How to retrieve the camera origin/position from the view projection matrix? (OpenGL)

Question

Is there any way to retrieve the camera origin/position from the view projection matrix? (OpenGL)

I'm trying to draw the camera's frustum and I have no problems calculating corners for the Far and the Near planes.

But I can't figure out how to retrieve a point that would represent the camera origin.

I was expecting to retrieve this by multiplying the Homogeneous clip-space coordinates:

glm::vec4(0.f, 0.f, 0.f, 1.f)

But I'm getting somewhat that looks to be like ~inverted camera position. (Marked as X in the screenshot) Included all the source code below.

    // Homogeneous points for source cube in clip-space.
    std::array<glm::vec4, 9> corners =
    {
        // Far plane
        glm::vec4(-1.f,-1.f, 1.f, 1.f), // bottom-left
        glm::vec4( 1.f,-1.f, 1.f, 1.f), // bottom-right
        glm::vec4( 1.f, 1.f, 1.f, 1.f), // top-right
        glm::vec4(-1.f, 1.f, 1.f, 1.f), // top-left

        // Near plane
        glm::vec4(-1.f,-1.f,-1.f, 1.f), // bottom-left
        glm::vec4( 1.f,-1.f,-1.f, 1.f), // bottom-right
        glm::vec4( 1.f, 1.f,-1.f, 1.f), // top-right
        glm::vec4(-1.f, 1.f,-1.f, 1.f), // top-left

        // Camera/screen center position.
    //  glm::vec4(0.f, 0.f, 0.f, 1.f) // EDIT
        glm::vec4(0.f, 0.f,-1.f, 0.f) // SOLVED
    };

    const auto invMatrix(glm::inverse(viewProjectionMatrix));

    for (U32 i = 0; i < corners.size(); i++)
    {
        corners[i] = invMatrix * corners[i]; // 4x4 * 4x1 matrix/vector multiplication.
        corners[i] /= corners[i].w; // Homogeneous to euclidean/cartesian conversion
    }

    // Far plane.
    this->AddLine(corners[0], corners[1], rColor);
    this->AddLine(corners[1], corners[2], rColor);
    this->AddLine(corners[2], corners[3], rColor);
    this->AddLine(corners[3], corners[0], rColor);

    // Near plane.
    this->AddLine(corners[4], corners[5], rColor);
    this->AddLine(corners[5], corners[6], rColor);
    this->AddLine(corners[6], corners[7], rColor);
    this->AddLine(corners[7], corners[4], rColor);

    // Connection from Near rectangle to the Far rectangle.
    this->AddLine(corners[0], corners[4], rColor);
    this->AddLine(corners[1], corners[5], rColor);
    this->AddLine(corners[2], corners[6], rColor);
    this->AddLine(corners[3], corners[7], rColor);

    // X
    this->AddLine(corners[4], corners[8], rColor);
    this->AddLine(corners[5], corners[8], rColor);
    this->AddLine(corners[6], corners[8], rColor);
    this->AddLine(corners[7], corners[8], rColor);

[Solved]

The problem was that I needed to use glm::vec4(0.f, 0.f,-1.f, 0.f) instead of glm::vec4(0.f, 0.f, 0.f, 1.f).

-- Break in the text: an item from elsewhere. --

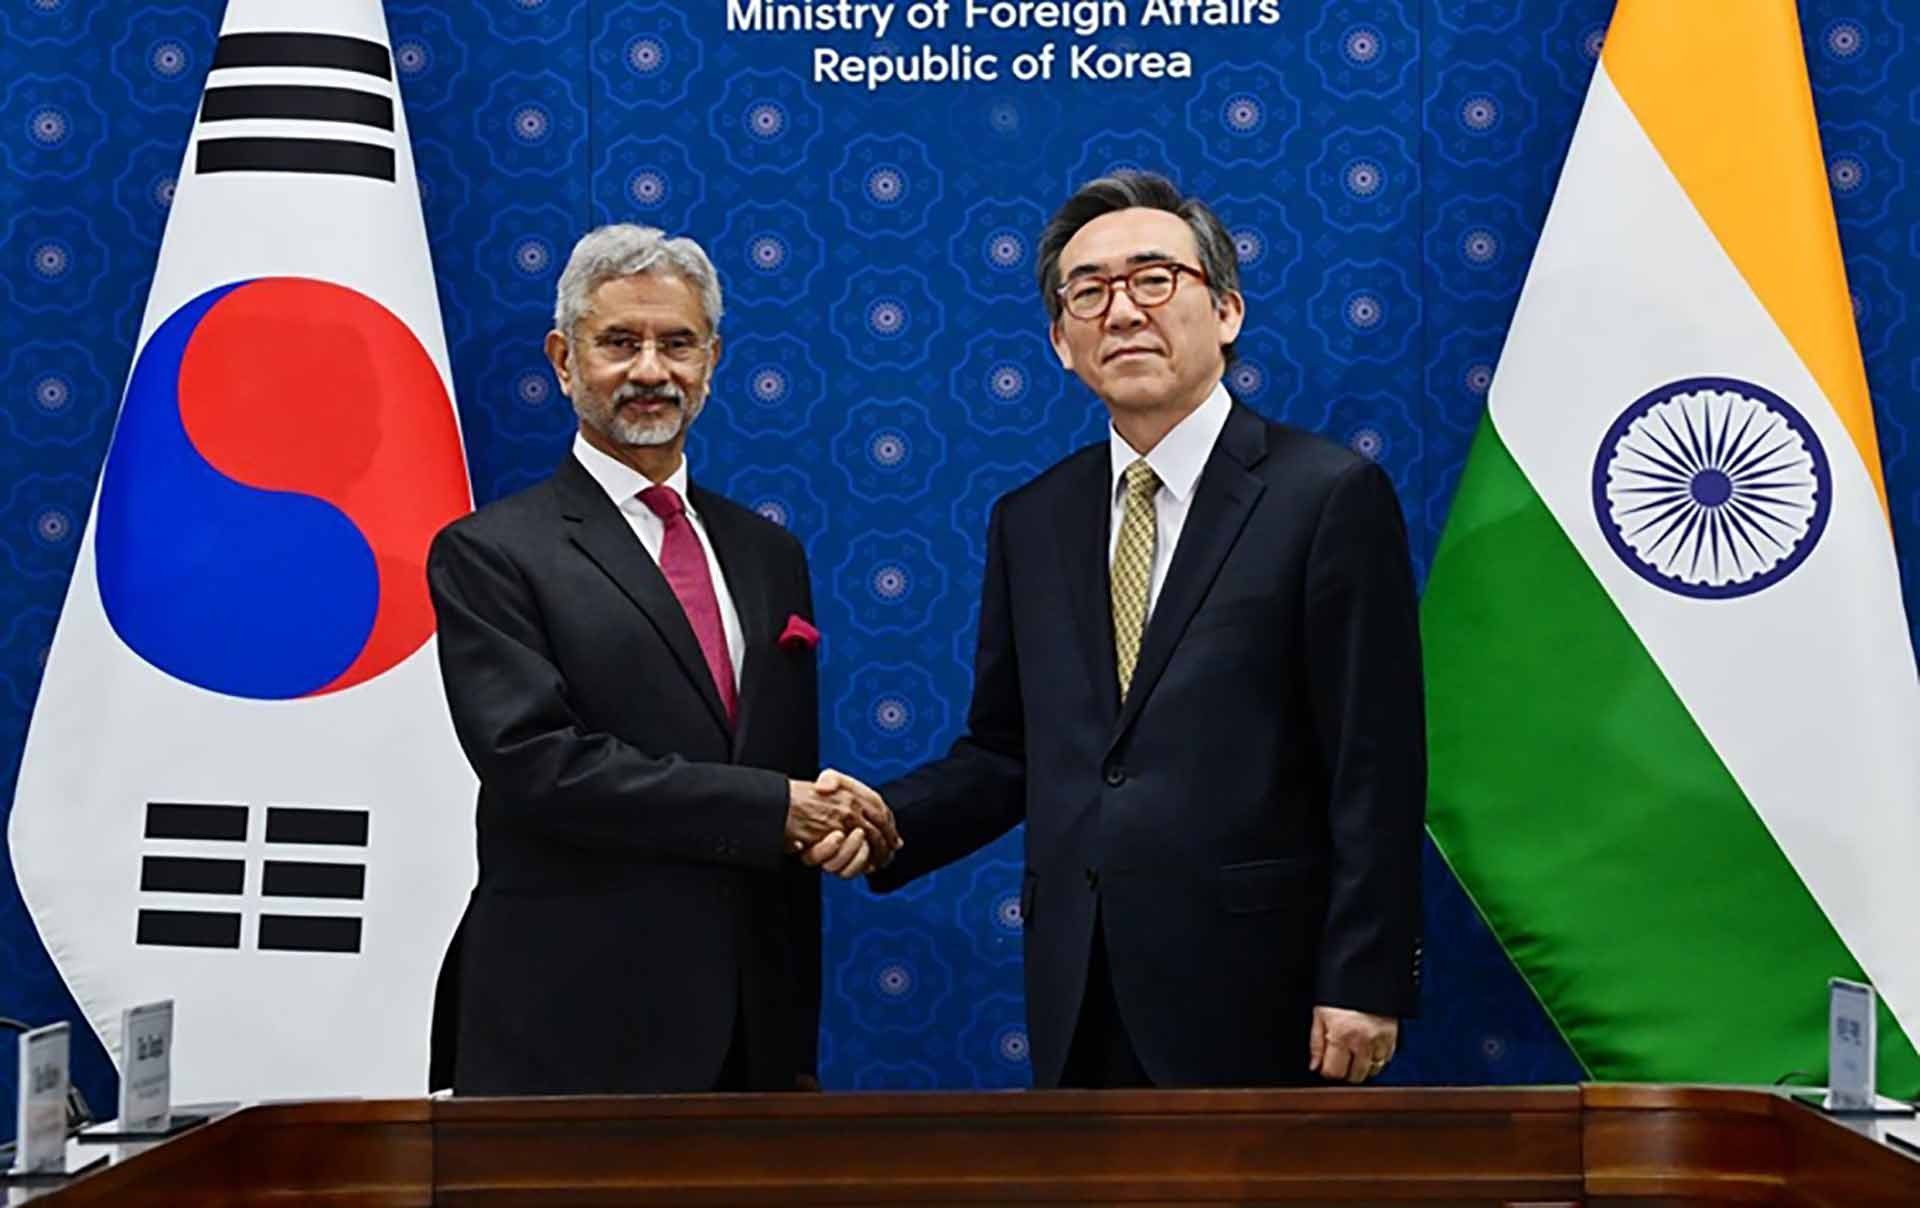 Ngoại trưởng S Jaishankar và người đồng cấp Cho Tae-yul đồng chủ trì cuộc họp Ủy ban hỗn hợp Ấn Độ - Hàn Quốc lần thứ 10. (Nguồn: TRN)

Here are the desired results:

Answer 1

In the general case, if you only have a composed viewProjection matrix, you cannot deduce the camera origin from that. You will need additional information.

If you know that your projection is orthogonal (or any kind of parallel projection actually), there is no meaningful concept of a camera position anyway, and the origin is just some (more or less) arbitrary point you chose. To reconstruct it, you will need the parameters for the projection to decompose viewProjection into view and projection. There might be some shortcuts compared to doing a full construction of the proj but this will depend on the properties of the actual projection parameters which you might know in advance / can assume.

In the case of a perspective projection, the situation is actually simpler: The center of projection will be projected to some point in infinity, but we exactly know its location in homogeneous clip space. It is just proj * vec4(0,0,0,1) for a typical projection matrix, which is just the last column of proj. Assuming default GL conventions, this will be something like (0, 0, alpha, 0). The absolute value of alpha doesn't matter since this is only a direction anyway, just the sign will matter. Again, assuming default GL conventions, alpha will actually be negative, so the projection center will be transformed to (0,0,-1,0) in clip space. Therefore, you can simply inverte the calculations and go from clip space back to world space: p_center = inverse(viewProj) * vec4(0,0,-1,0). Don't forget that the result is in homogeneous coordinates still, so you will need to divide by the resulting w to get a meaningful 3D coordinate.